Serving Time. According to the Bureau of Crime Statistics and Research of Australia, as reported on Lawlink, the mean length of imprisonment for motor-vehicle-theft offenders in Australia is $16.7$months. One hundred randomly selected motor-vehicle-theft offenders in Sydney. Australia, had a mean length of imprisonment of localid="1653225892125" $17.8$months. At the localid="1653225896253" $5\%$significance level, do the data provide sufficient evidence to conclude that the mean length of imprisonment for motor-vehicle-theft offenders in Sydney differs from the national mean in Australia? Assume that the population standard deviation of the lengths of imprisonment for motor-vehicle-theft offenders in Sydney is localid="1653225901113" $6.0$months.
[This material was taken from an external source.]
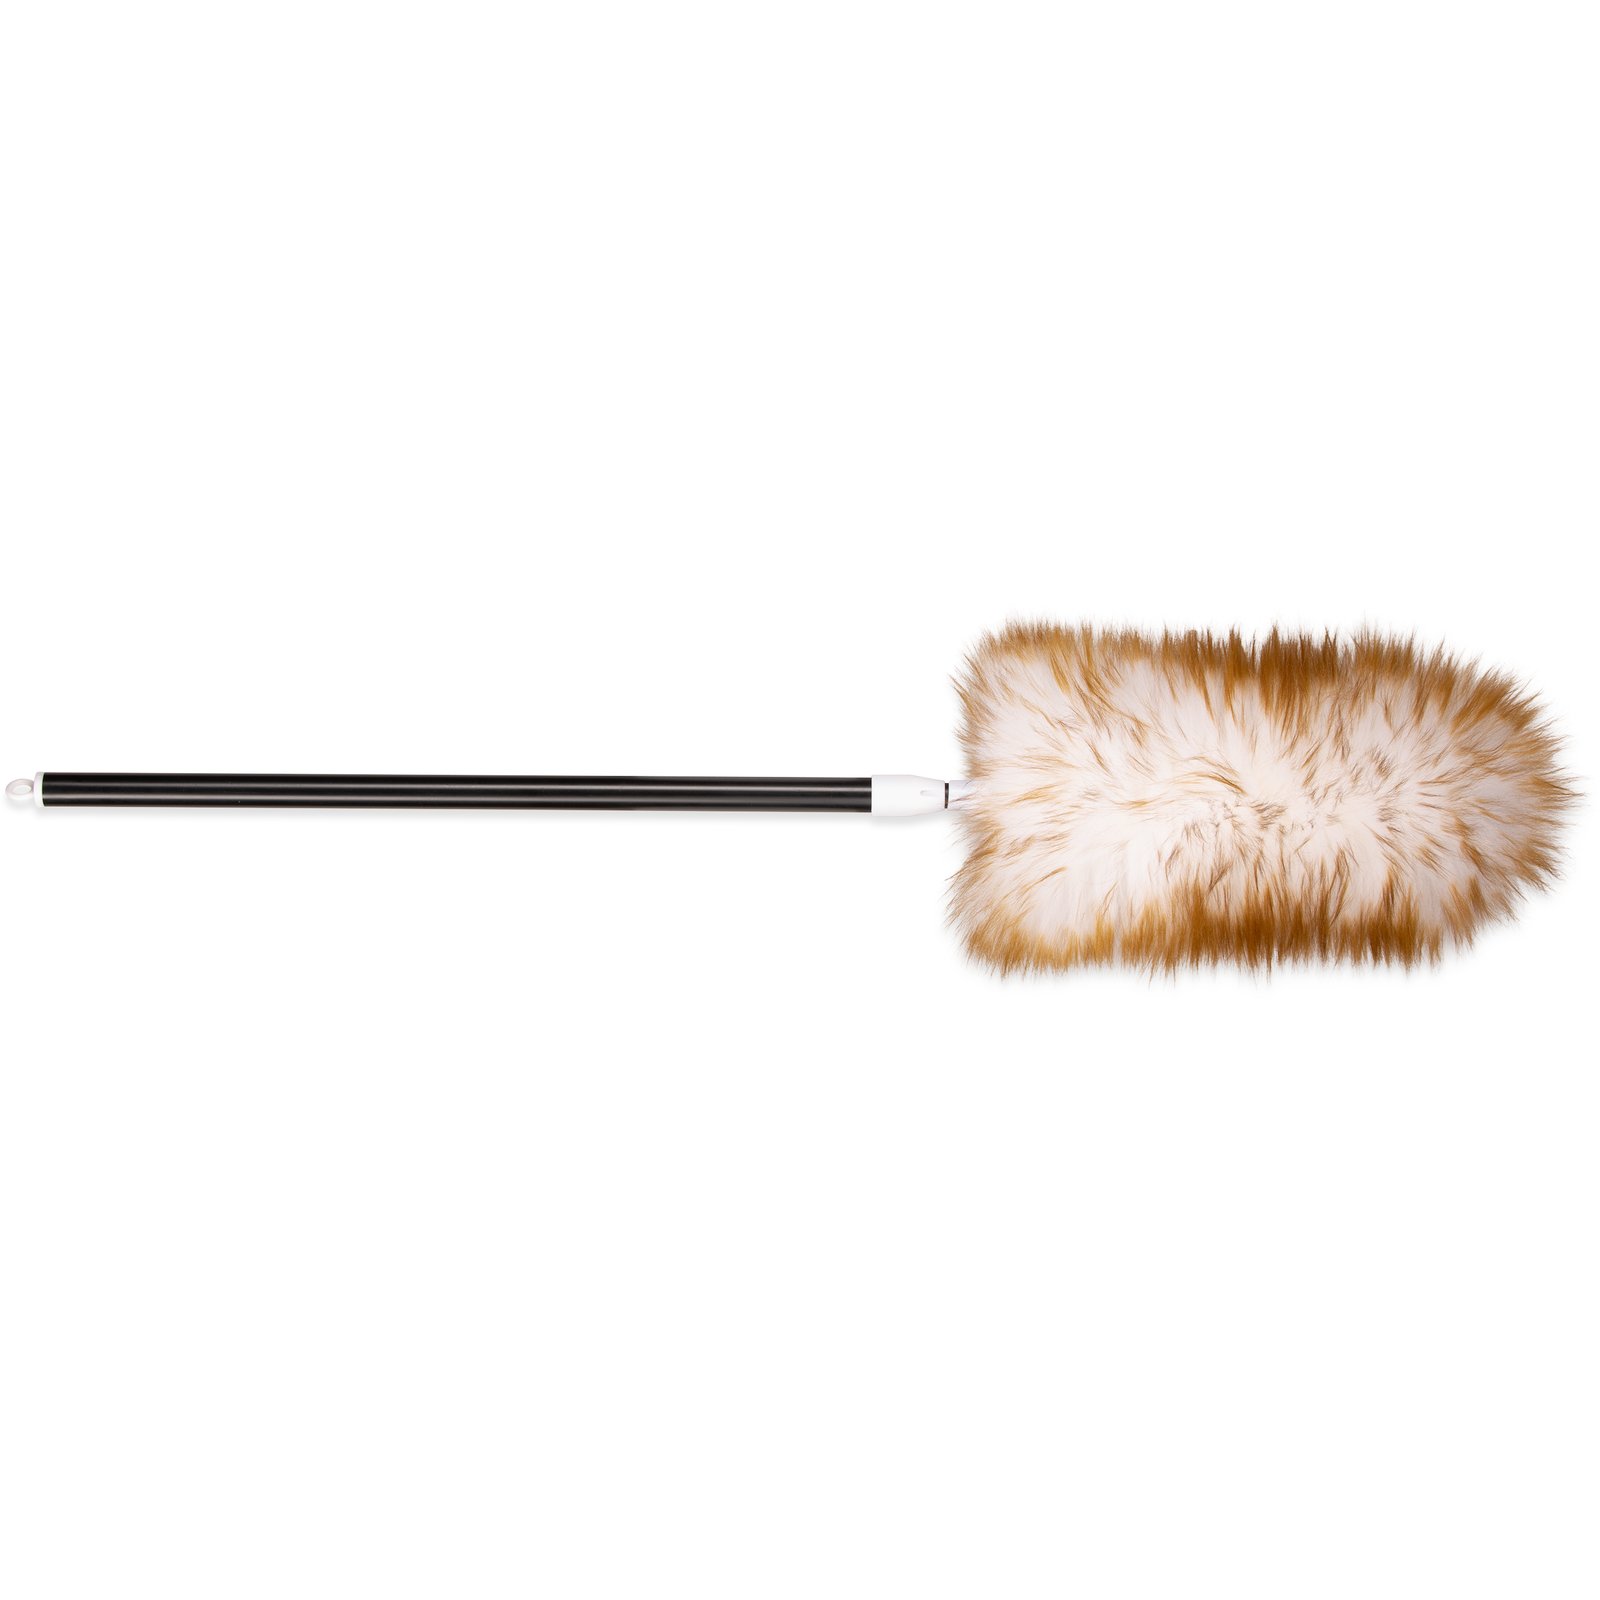 Unger 961420 Telescopic Lambs Wool Duster, 28-43

Let $\mu$be the average sentence duration for motor vehicle theft offenses.

For a reason,

$\sigma =6$months populations standard deviation

The theories must be tested.

$H_0:\mu =16.7$months $\mathrm{Vs}$

$H_a:\mu \ne 16.7$months

We'll run the test at a significance threshold of $5\%$, or $\alpha =0.05$.

$n=100$is the sample size.

$\overline{x}=17.8$months, arithmetic mean.

Statistical test,$z=\frac{\overline{x}-{\mu }_0}{\frac{\sigma }{\sqrt{n}}}$

$=\frac{17.8-16.7}{\frac{6}{\sqrt{100}}}$

$=1.83$

The crucial values are $\pm z_{\alpha /2}=\pm z_{0.025}$because the test is a two-tailed test with $\alpha =0.05$.

$=\pm 1.96$

A regression line is $z<-z_{\alpha /2}$or $z>z_{\alpha /2}$in this case.

i.e., $z<-1.96$ or $z>1.96$

Perhaps $z<-1.96$or $z\ngtr 1.96$(Actually in fact $-1.96<z<1.96$)

As that of the amount of a statistical test,$z$, doesn't really fall as in rejection zone, we need not reject $H_0$at the $5\%$significance level.

$\therefore$The records may not provide credible evidence to infer that its average duration of sentence for motor vehicle theft offenses varies first from nation mean in $.$just at $5\%$level of significance.